In a military town, Suzanne Purdy, MBA, RN,
partially handles rapid staff turnover by hiring
married registry nurses. The benefits of a full-time
job aren’t as much of a lure for them, she said, if
their military spouses supply the medical/dental
coverage.
But the expense and stress of constantly training
new part-time registry nurses takes its toll on her.
Out of necessity, Purdy, vice president for patient
care at Paradise Valley Hospital in San Diego, a
Christian-owned, nonprofit community hospital with
302 beds, also hires new grads for positions in the
definitive observation unit.
In the past, Purdy would have held out for more
experienced nurses. Some of the new hires do come
from skilled nursing environments but haven’t worked
in acute care for a while, she said. They usually
require special refresher education and clinical
precepting to return to the bedside. "Then what may
happen is they’ll leave," she said.
Studies indicate that loyalty is diminishing among
Gen-Y and Gen-X nurses, she added.
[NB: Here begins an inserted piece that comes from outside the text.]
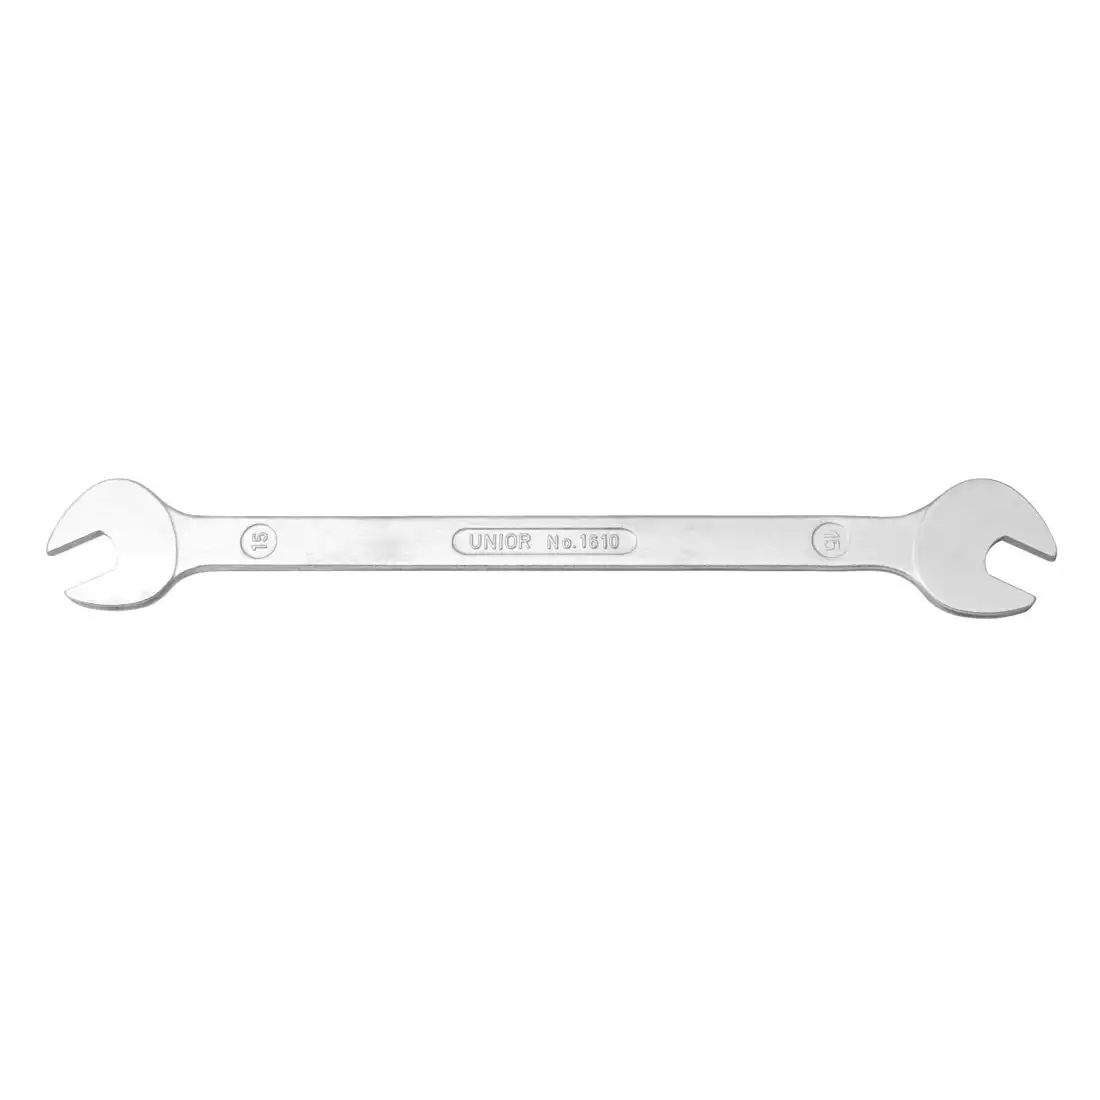 UNIOR professional pedal wrench 15x15

Job-hopping,
largely frowned upon by baby boomer nurses, is the
norm among their younger cohorts, who often stay
exactly as long as their $3,000 to $5,000 signing
bonuses say they must, Purdy said. "From my
experience, the nursing shortage is acute–extremely
acute," she said.
The alarm sounds
Purdy is far from alone. News reports from across
the country paint an alarming picture of an acute
worldwide nursing shortage that promises to become
much worse in the years ahead.
Knowledge of the problem saturates most nurses, but
solutions still may look murky. Ominous results of
the latest National Sample Survey of Registered
Nurses show the supply of nurses–thoroughly reported
as insufficient–will slow even further. Sigma Theta
Tau International Honor Society of Nursing calls the
shortage a major threat to the future of the world’s
health care system. It’s not just a U.S. crisis.
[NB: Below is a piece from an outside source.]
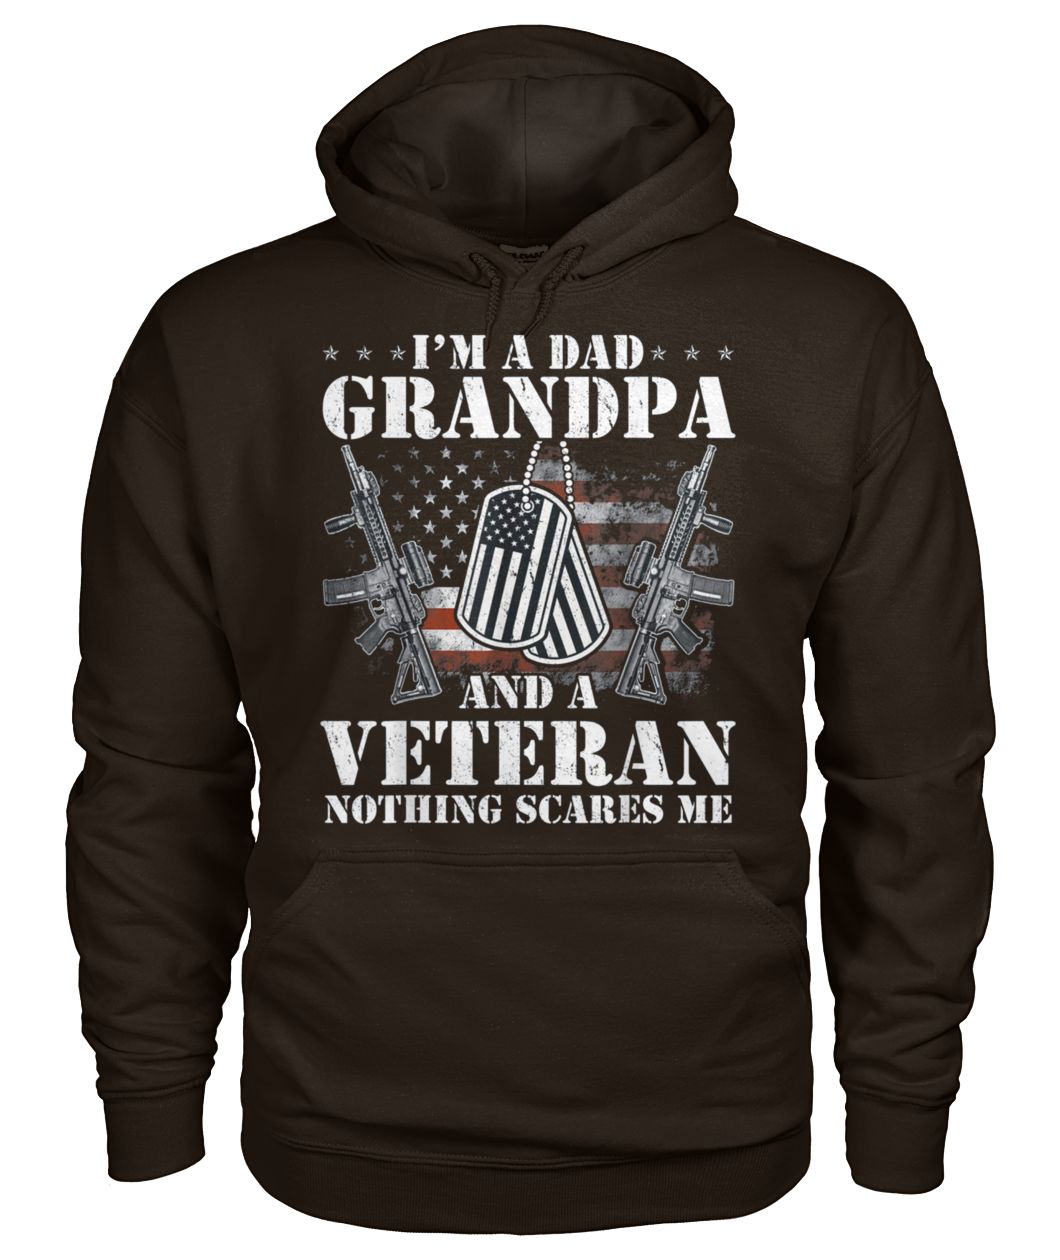 I'm a dad grandpa and a veteran nothing scares me gildan hoodie

Australia, Canada, and parts of Europe and Asia also
report problems.
Ominous effects
The most convincing evidence of the nursing shortage
is the rapidly rising vacancy rates in every region
of the country.
Some hospitals are canceling nonurgent surgeries,
closing beds or units and diverting emergency room
patients. As a result, some hospitals and nursing
homes are unable to admit patients and some home
care agencies are unable to take on new clients.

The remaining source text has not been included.